Schlag­worte: Arbeitszeugnis, Zeugnis, Leistungsort
   
Gericht: Landesarbeitsgericht Berlin-Brandenburg
Akten­zeichen: 10 Ta 31/13
Typ: Beschluss
Ent­scheid­ungs­datum: 06.02.2013
   
Leit­sätze: Ein Zeug­nis ist am En­de des Ar­beits­verhält­nis­ses im Be­trieb ab­zu­ho­len, so­fern nicht aus­nahms­wei­se be­son­de­re Umstände die­ses un­zu­mut­bar ma­chen. Wer oh­ne Ab­hol­ver­such ein Zeug­nis ein­klagt, hat des­halb in al­ler Re­gel die Kos­ten zu tra­gen.
Vor­ins­tan­zen: Arbeitsgericht Berlin, Urteil vom 20.11.2012, 57 Ca 12524/12
   

Lan­des­ar­beits­ge­richt Ber­lin-Bran­den­burg

Geschäfts­zei­chen 10 Ta 31/13

Ar­beits­ge­richt Ber­lin 57 Ca 12524/12

 

Be­schluss

In Sa­chen

pp

hat das Lan­des­ar­beits­ge­richt Ber­lin, 10. Kam­mer, durch den Vor­sit­zen­den Rich­ter am Lan­des­ar­beits­ge­richt W. als Vor­sit­zen­dem am 6. Fe­bru­ar 2013

be­schlos­sen:

1. Die (so­for­ti­ge) Be­schwer­de des Klägers ge­gen die Kos­ten­ent­schei­dung des Ar­beits­ge­richts Ber­lin im Ur­teil vom 20.11.2012 - 57 Ca 12524/12 - bezüglich des übe­rein­stim­mend für er­le­digt erklärten Teils (Zeug­nis­er­tei­lung) wird zurück­ge­wie­sen.

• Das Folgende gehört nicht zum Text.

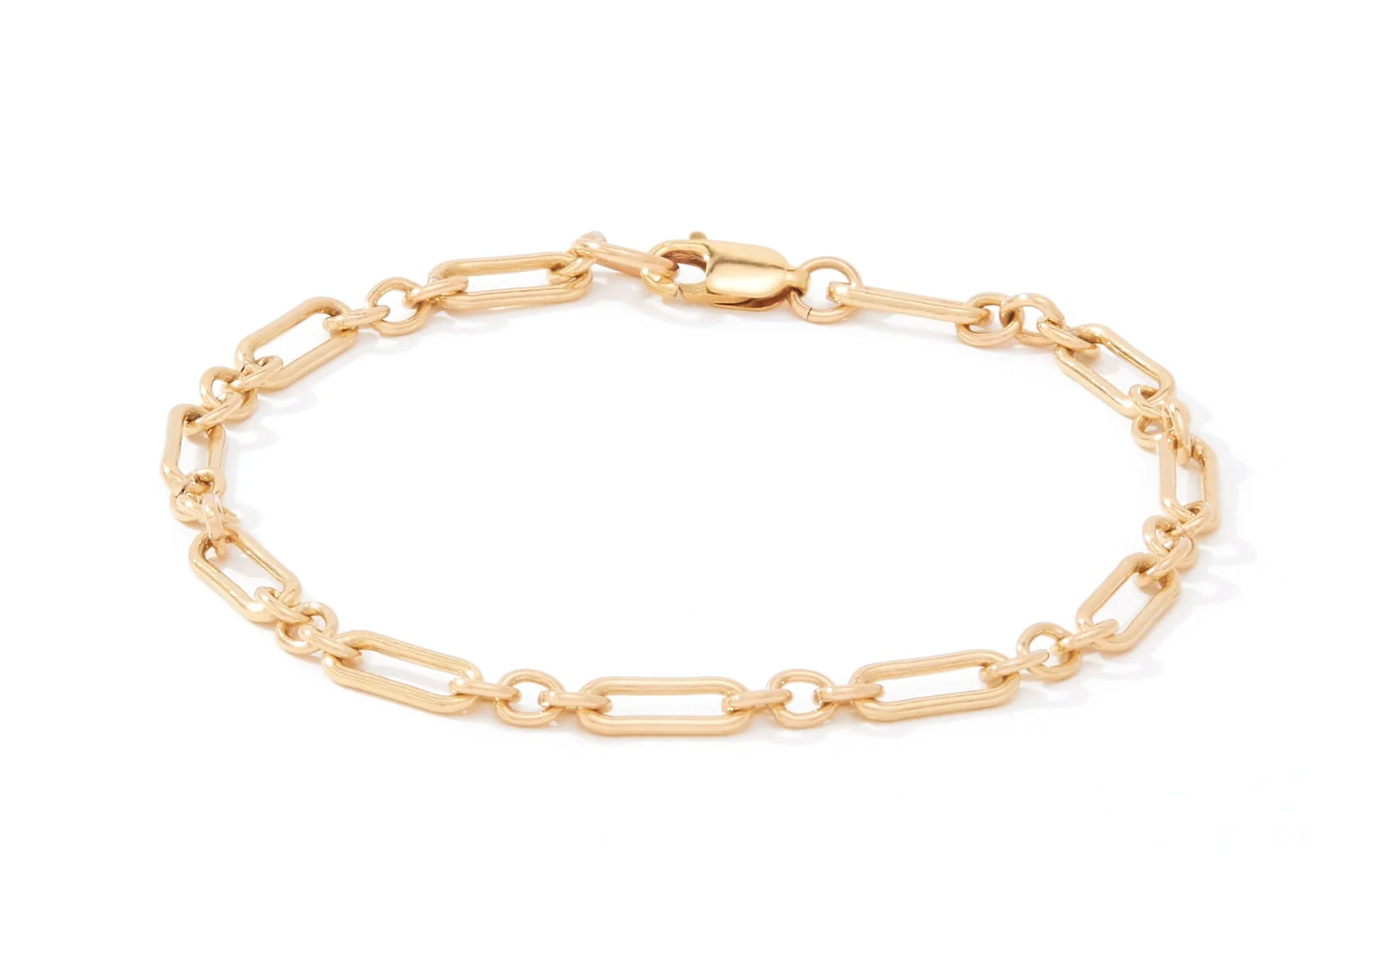 Links of Love Bracelet Gold

2. Die Rechts­be­schwer­de wird nicht zu­ge­las­sen.

Gründe:

I.

Die Par­tei­en strei­ten über ver­schie­de­ne Ansprüche aus ei­nem be­en­de­ten Ar­beits­verhält­nis. Ein Teil des Rechts­streits wur­de erst­in­stanz­lich übe­rein­stim­mend für er­le­digt erklärt. In dem in­stanz­be­en­den­den Ur­teil wur­den dem Kläger die Kos­ten für die­sen Teil des Rechts­streits auf­er­legt.

Der Kläger und Be­schwer­deführer ist 39 Jah­re alt und war vom 23. Mai 2011 bis 31. Ju­li 2012 bei der Be­klag­ten und Be­schwer­de­geg­ne­rin als kaufmänni­scher Lei­ter mit ei­nem Brut­to­mo­nats­ein­kom­men von 5.667,-- EUR beschäftigt. Das Ar­beits­verhält­nis en­de­te auf­grund ei­ner Ei­genkündi­gung des Be­schwer­deführers vom 27. Ju­ni 2012.

Per E-Mail vom 11. Ju­li 2012 und er­neut mit E-Mail vom 16. Ju­li 2012 hat­te der Be­schwer­deführer der As­sis­ten­tin des Vor­stands und der Geschäftsführung der Be­schwer­de­geg­ne­rin ei­nen Zeug­nis­ent­wurf über­sandt. Der Be­schwer­deführer führ­te da­bei aus:

"an­bei der Ent­wurf für mein Ar­beits­zeug­nis. Wenn Sie noch von sich aus die ei­ne oder an­de­re For­mu­lie­rung hin­ein­brin­gen möch­ten, würde mich das sehr freu­en.

Bit­te ge­ben Sie mir auch kurz Be­scheid, wenn das Zeug­nis von Herrn Sch[…] un­ter­schrie­ben ist bzw. falls es Pro­ble­me ge­ben soll­te."

Nach ei­ner Zwi­schen­mel­dung der As­sis­ten­tin des Vor­stan­des per E-Mail am 16. Ju­li 2012 mit dem Text:

"Dan­ke, schi­cke es so­bald wie möglich re­tour"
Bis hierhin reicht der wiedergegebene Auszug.